## [Required work]
After finding "XF 18-55mm F2.8-4" in the data, write out its line and all following lines without change, up to and including the last one. Leave out pictures.

## [Data excerpt]
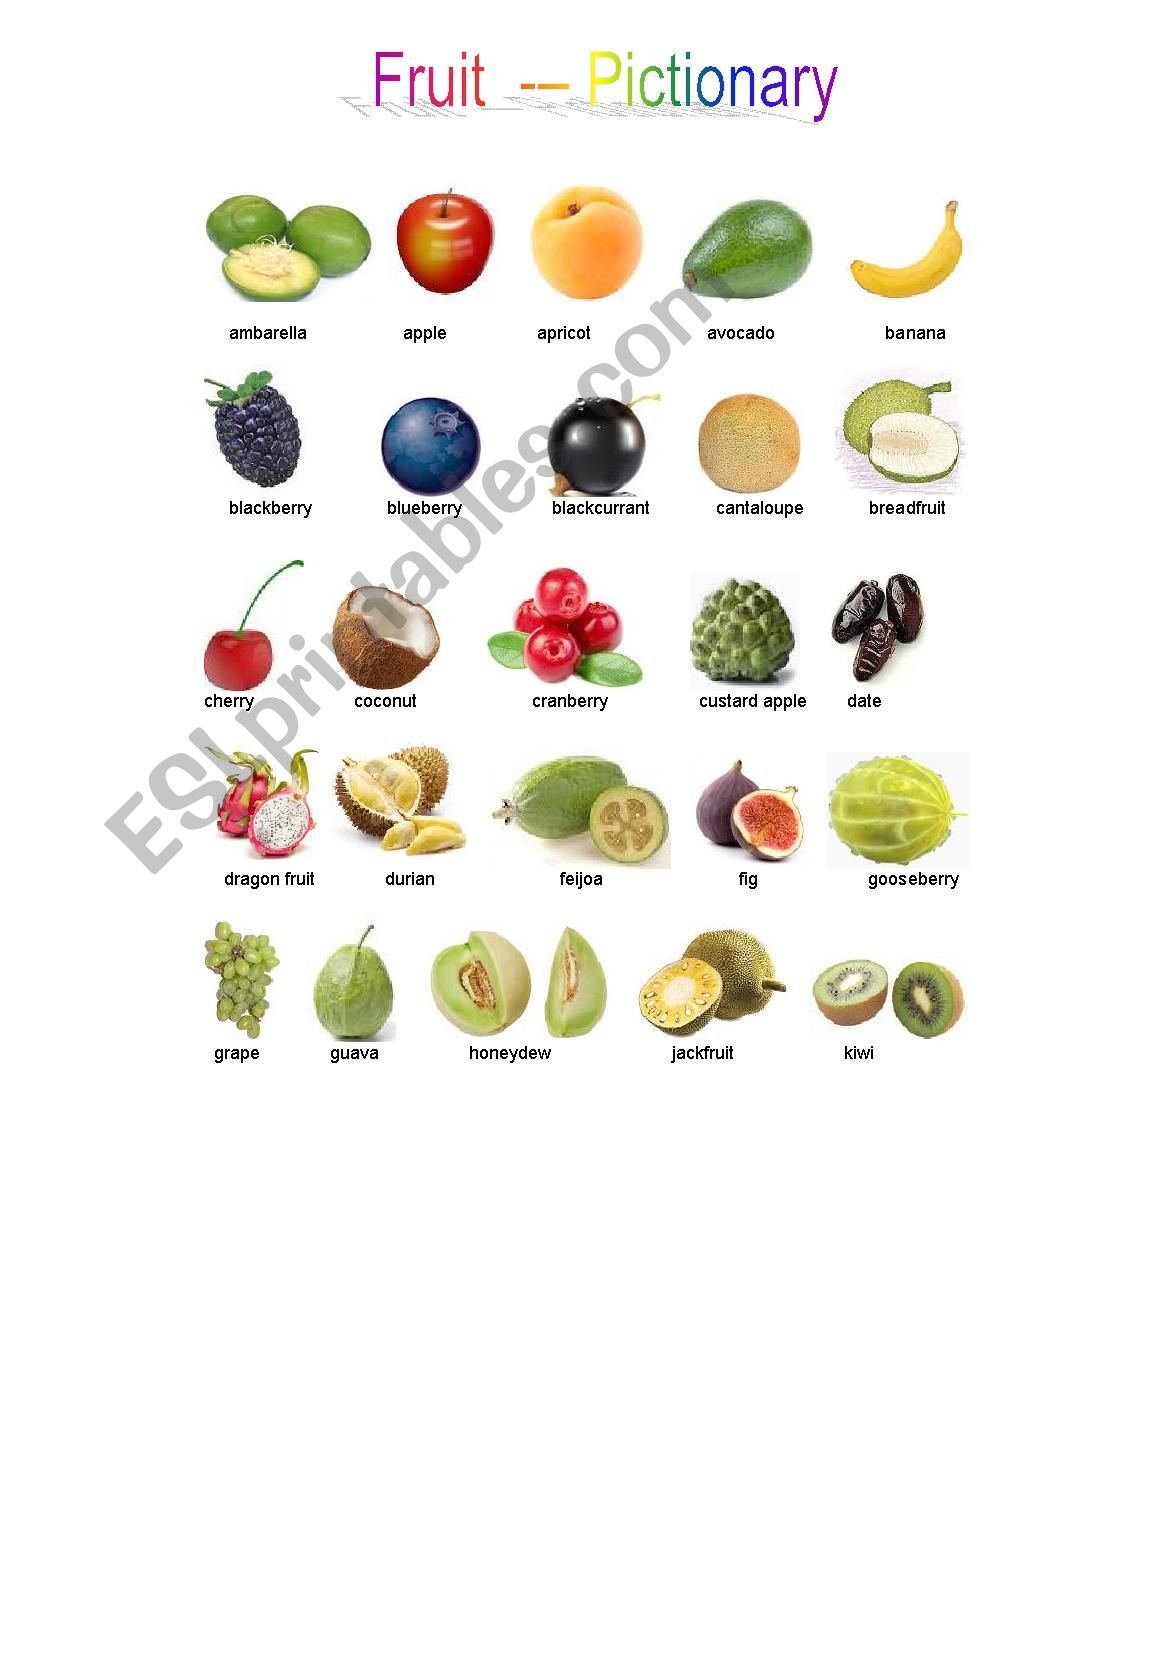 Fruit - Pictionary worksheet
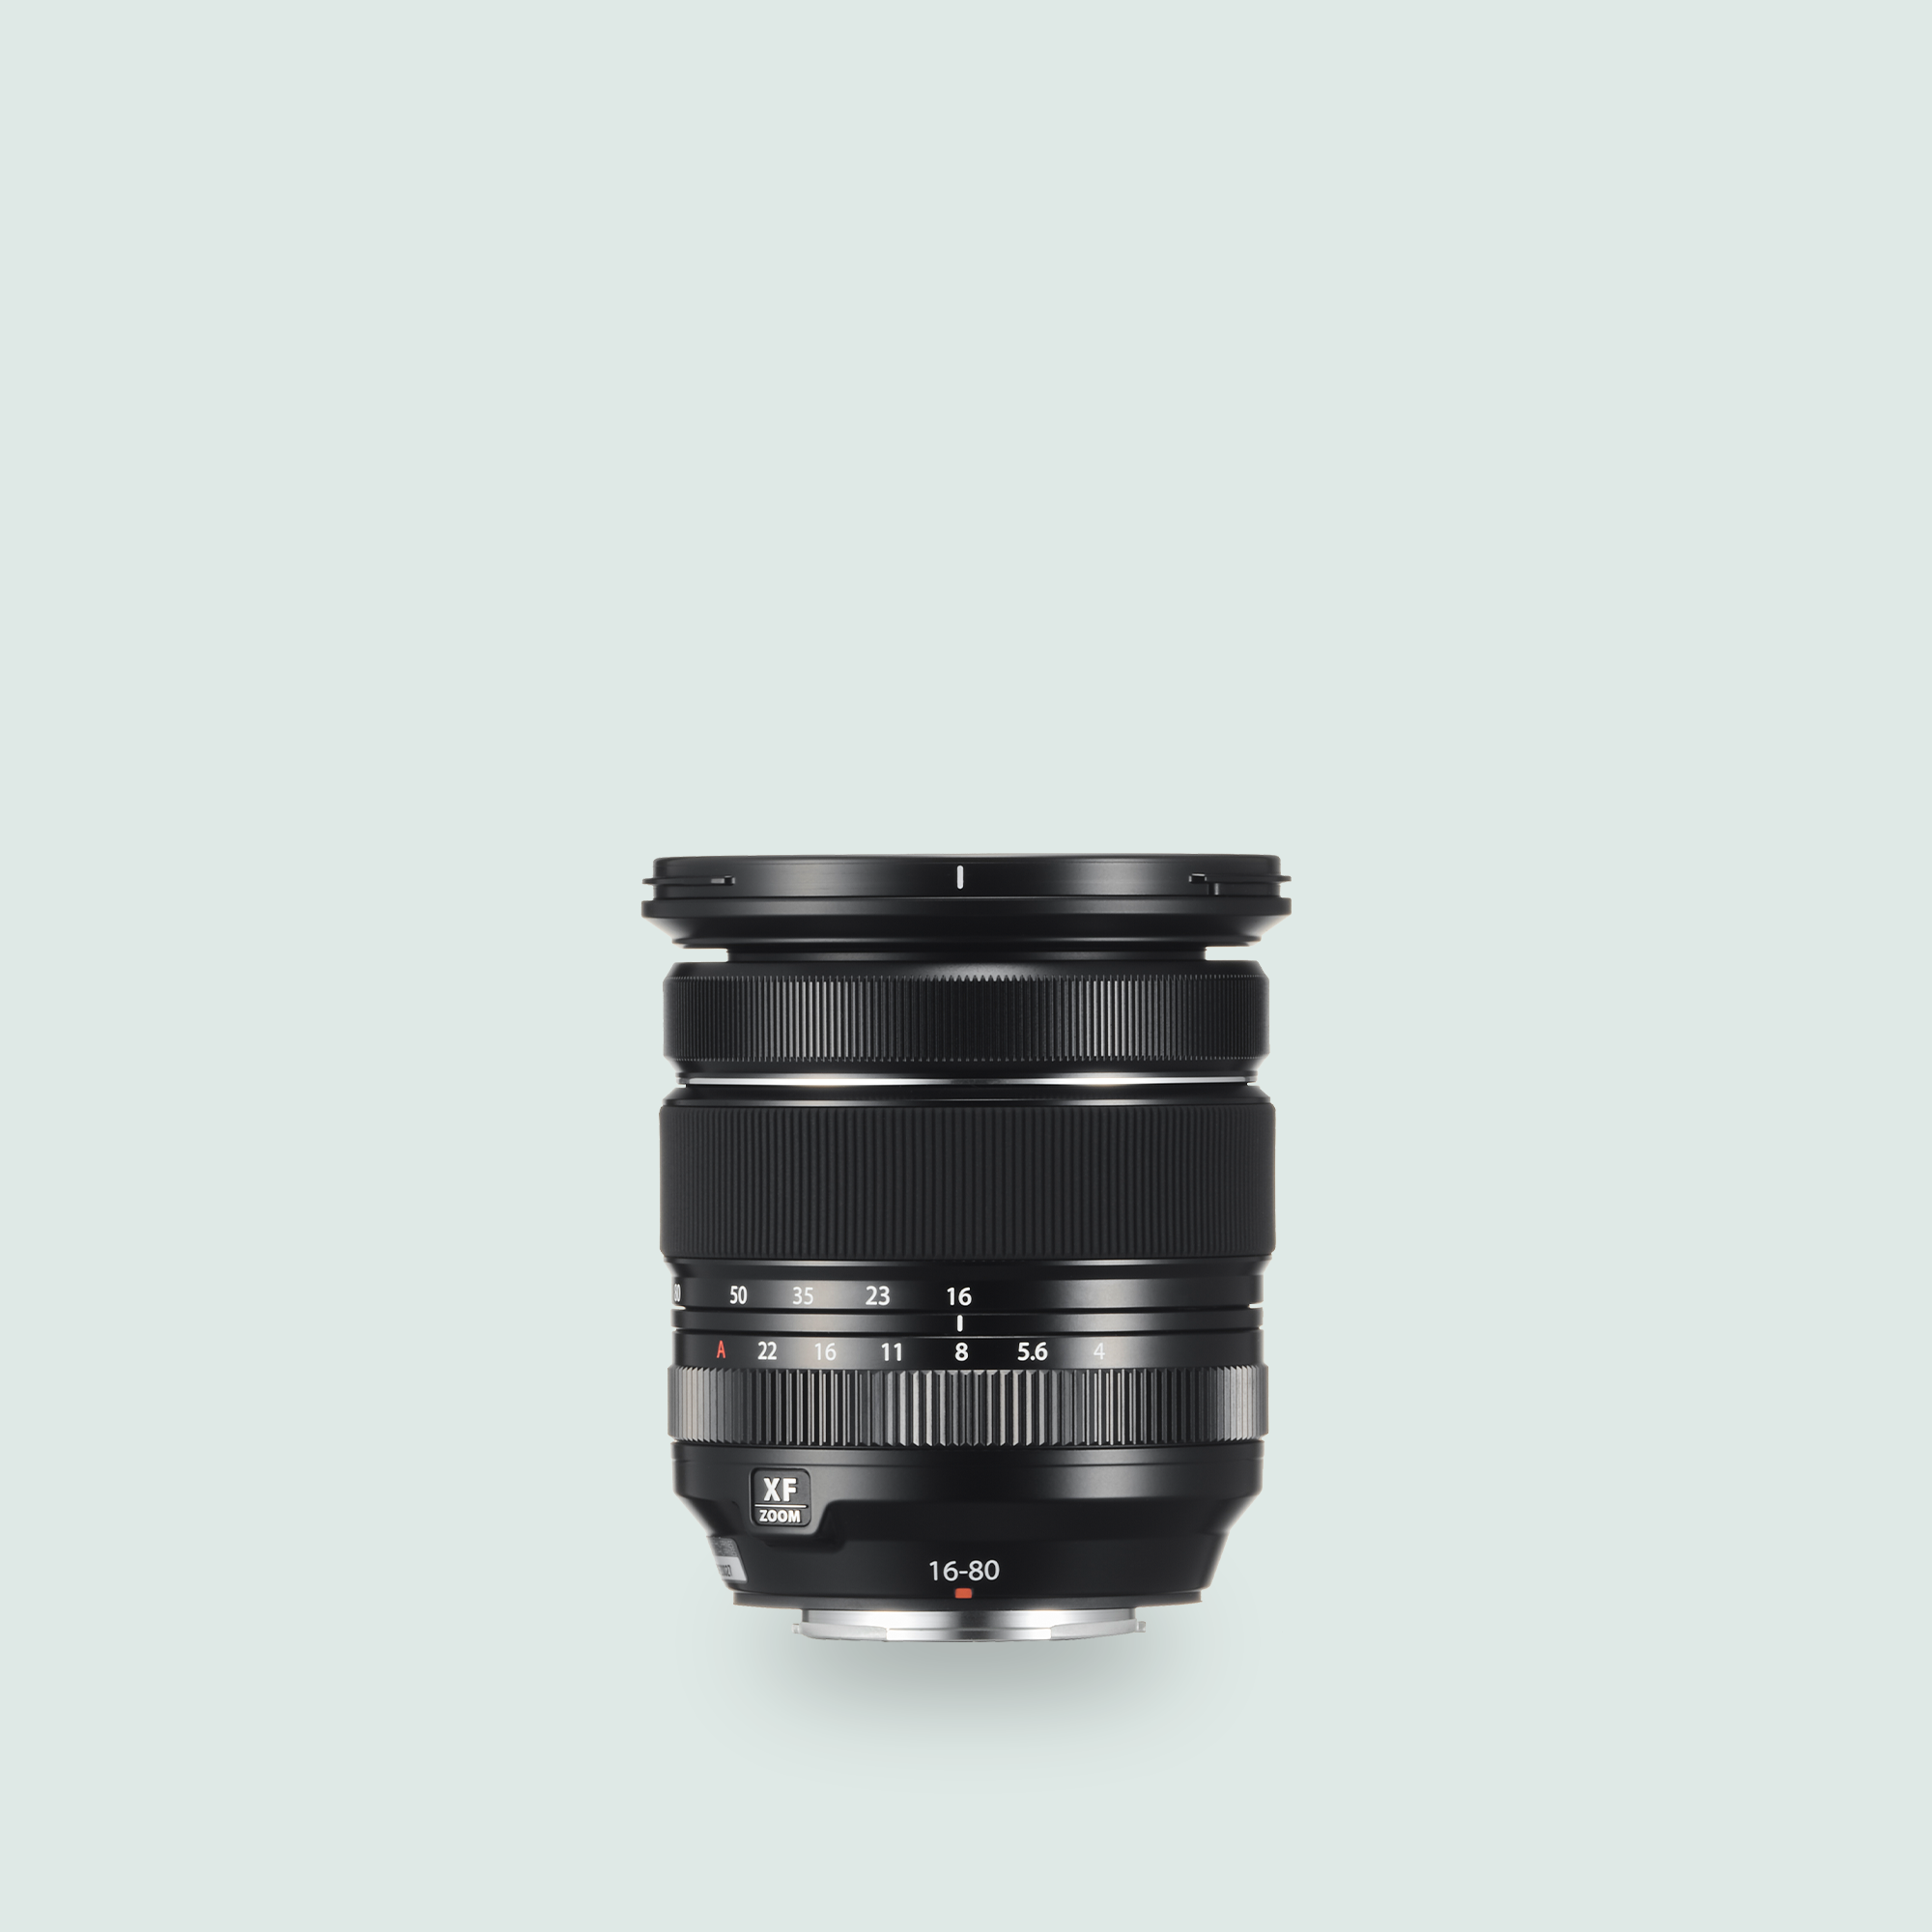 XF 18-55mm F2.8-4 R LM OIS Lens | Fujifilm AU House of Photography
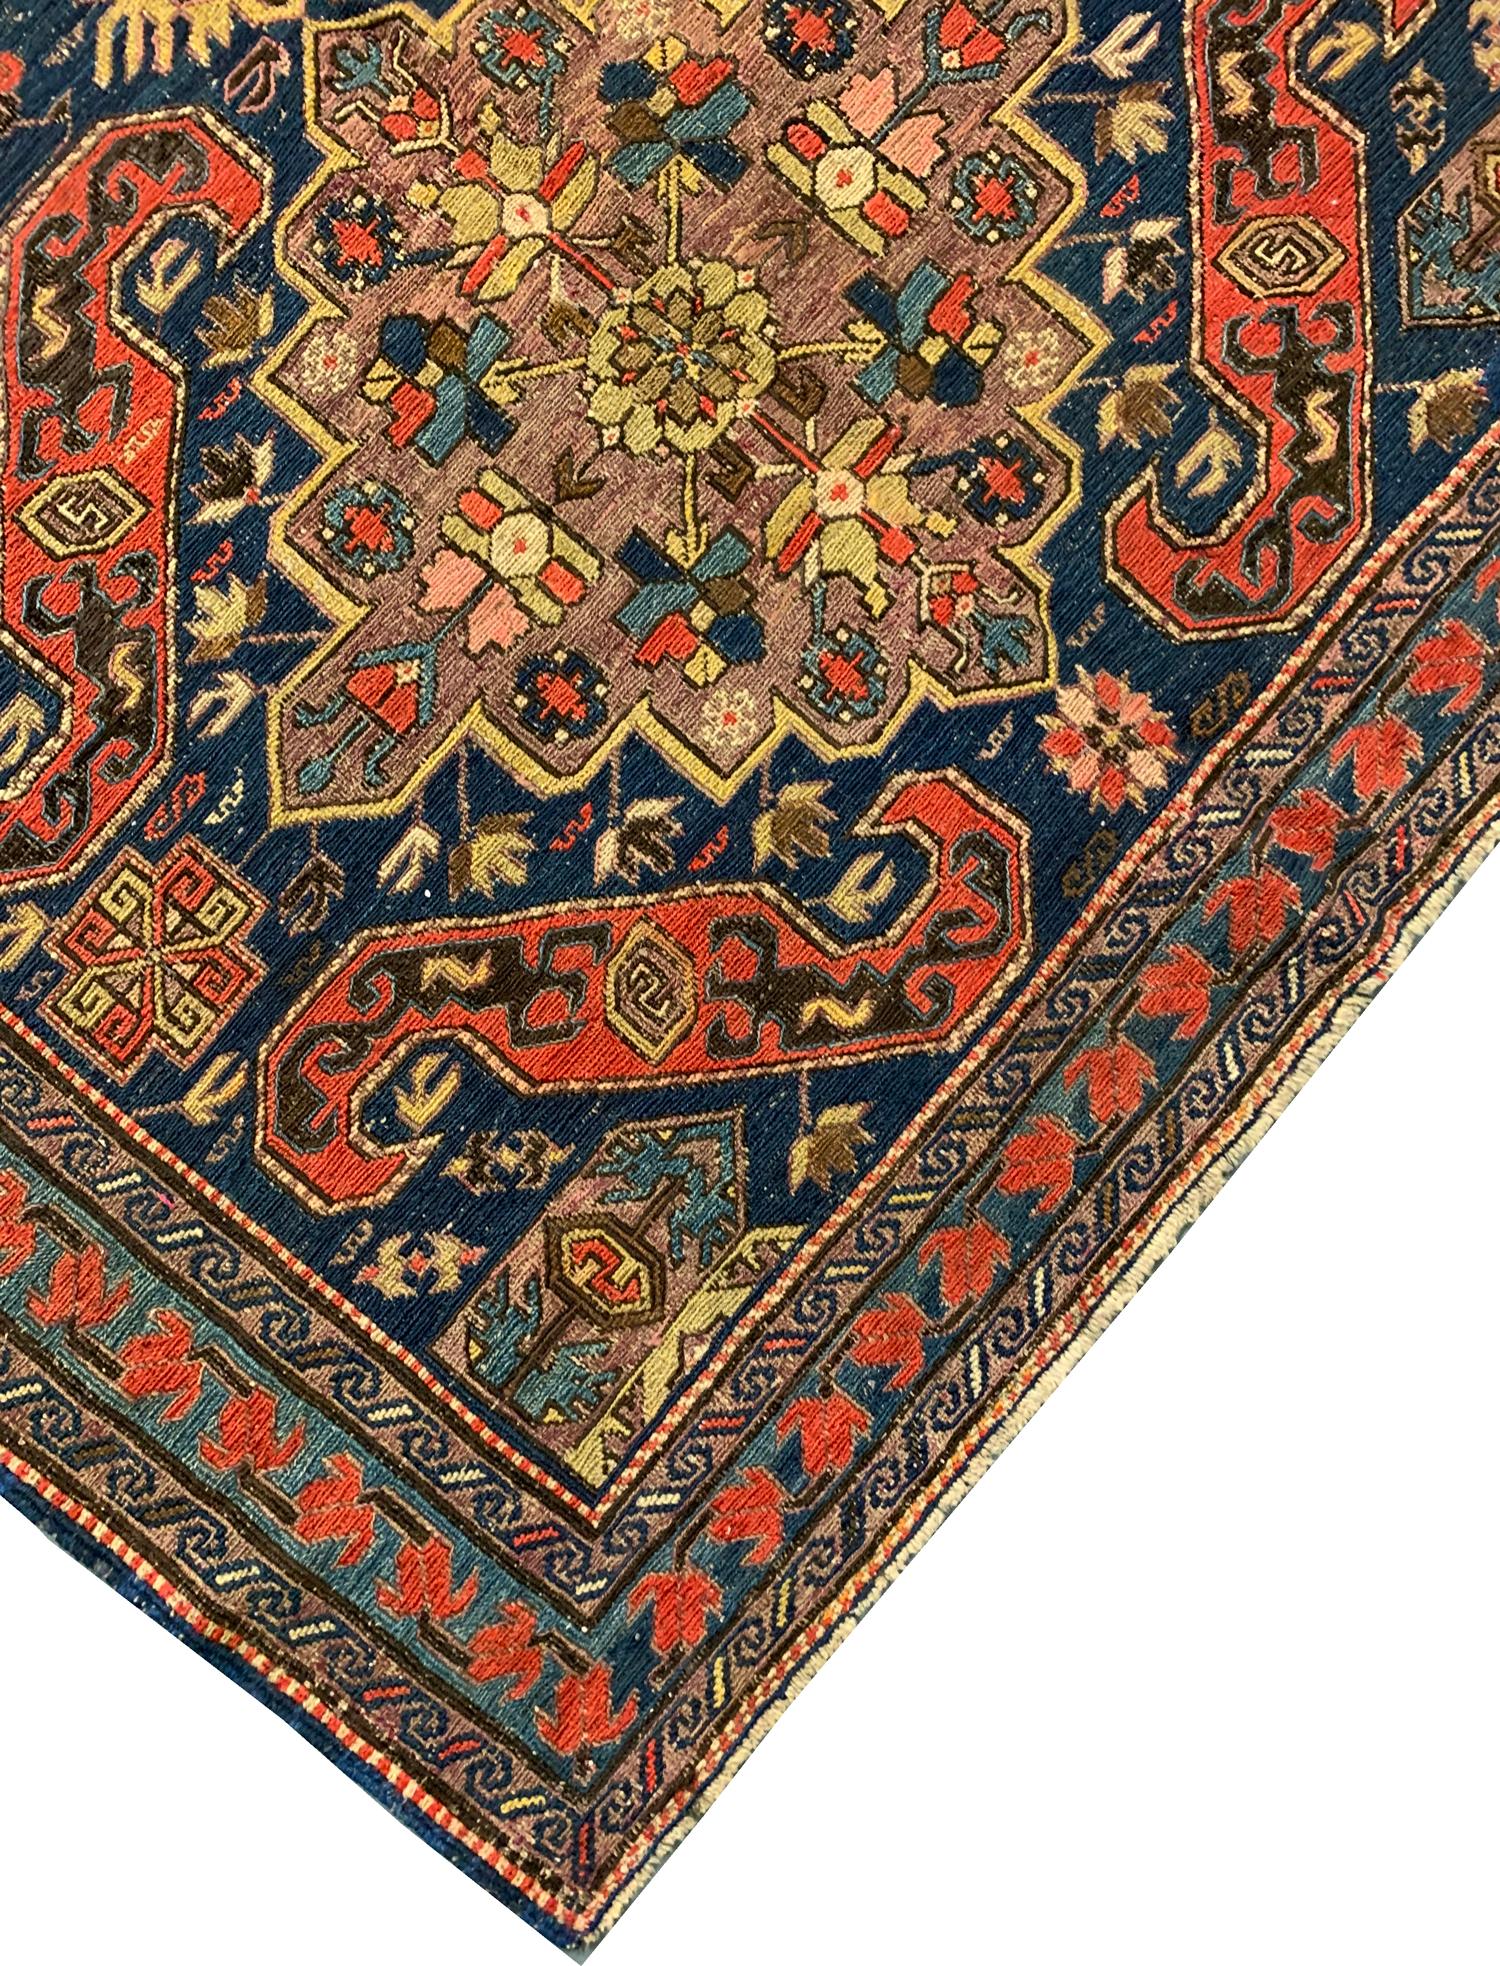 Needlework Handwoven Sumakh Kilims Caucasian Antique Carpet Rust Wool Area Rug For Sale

## [Task output]
 XF 18-55mm F2.8-4 R LM OIS Lens | Fujifilm AU House of Photography
 Needlework Handwoven Sumakh Kilims Caucasian Antique Carpet Rust Wool Area Rug For Sale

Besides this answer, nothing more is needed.